Code for processing of SGE data sets and all analyses included in "Saturation Genome Editing Resolves the Functional Spectrum of Pathogenic VHL Alleles".

Please see the manuscript for a description of the data sets and analyses performed. This depository's purpose is to make available all scripts and files used to analyse SGE data for VHL.

The SGE analysis pipeline in contained in: SGE_main_analysis. The order of scripts used in SGE data analysis data is:

1. 20230408_VHL_final_pipeline.sh - A custom pipeline for converting paired-end, Illumina-based sequencing data into variant counts, extracting editing outcomes, and annotating variants by genomic position using CADD data.

2. 230415_VHL_all_no_plots.Rmd - Processing all SGE regions anaylzed by replicate and analyzing replicates together in R, leading to a single dataframe for each set of replicates (i.e. the same SGE region in the same cell line performed under the same experimental conditions).

3. VHL_global_20240419.Rmd - Merging all data together, applying thresholds to exclude variants not reliably detected, importing additional data sets for analysis (ClinVar, cBioPortal, GeneBass, computational predictors, etc), and generating all SGE data figures. Output includes Supplementary Table 1 which contains all SGE "function scores" and all "RNA scores" derived.

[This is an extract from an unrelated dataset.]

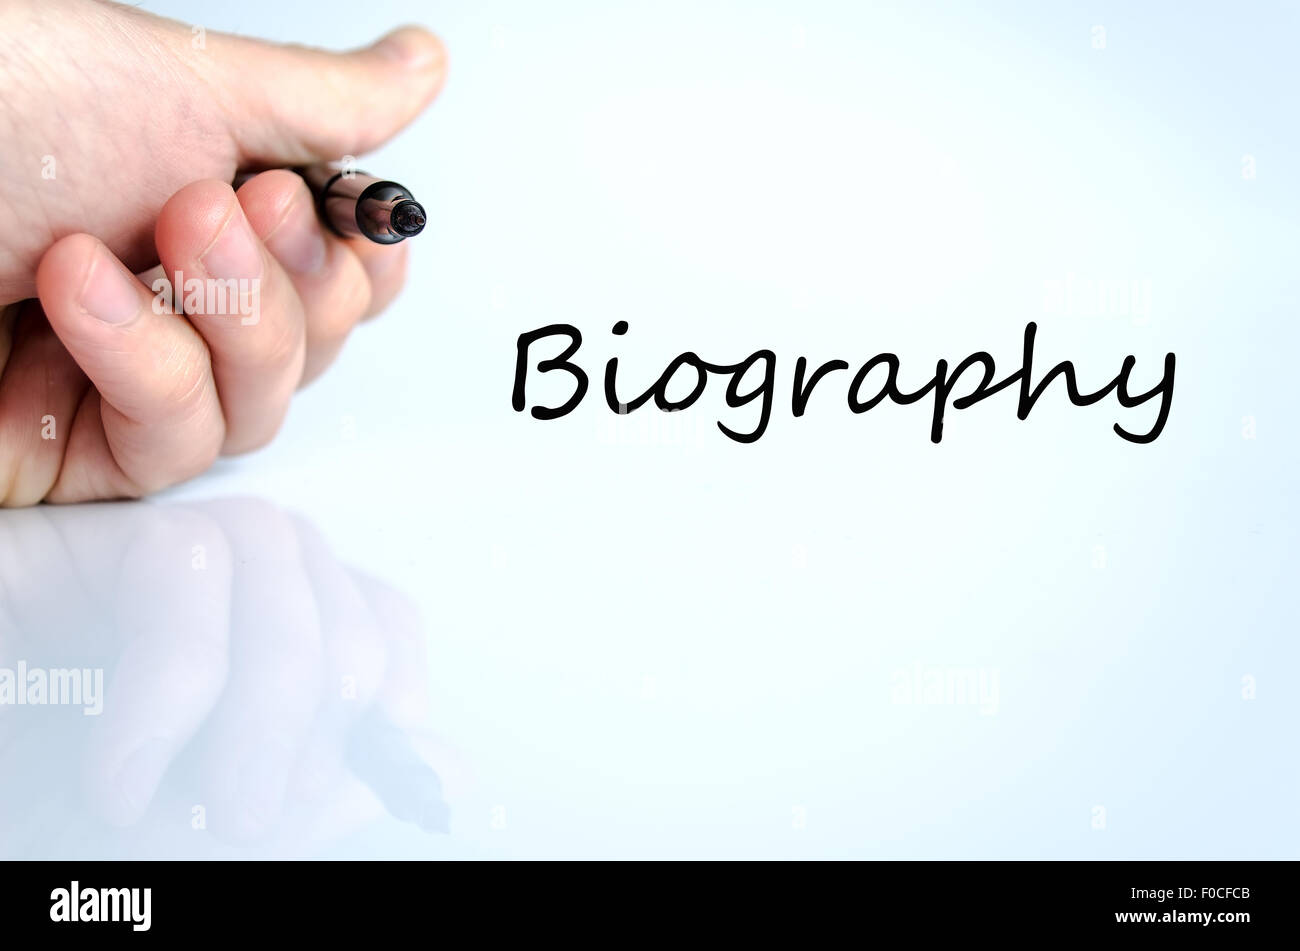 Biographie concept texte isolé sur fond blanc Banque D'Images

Several input files are required to run the .sh pipeline. These are found in sh_input_files. Additionally, the pipeline calls custom scripts written in Python (v2.7.16), which are located in custom_scripts_for_SGE_pipeline.

Inputs for VHL_global_20230504.Rmd are included in rmd_input_files. Data sets from VHLdb and cBioPortal were parsed using custom python scripts, available in scripts_to_parse_external_data with required inputs (outputs are included in rmd_input_files).

Separate folders contain: 1.) DepMap data and R code to produce the analysis of DepMap Cell lines: DepMap_analysis. 2.) The inputs and code required for generating VHL SGE oligo pools for each library: Mutagenize.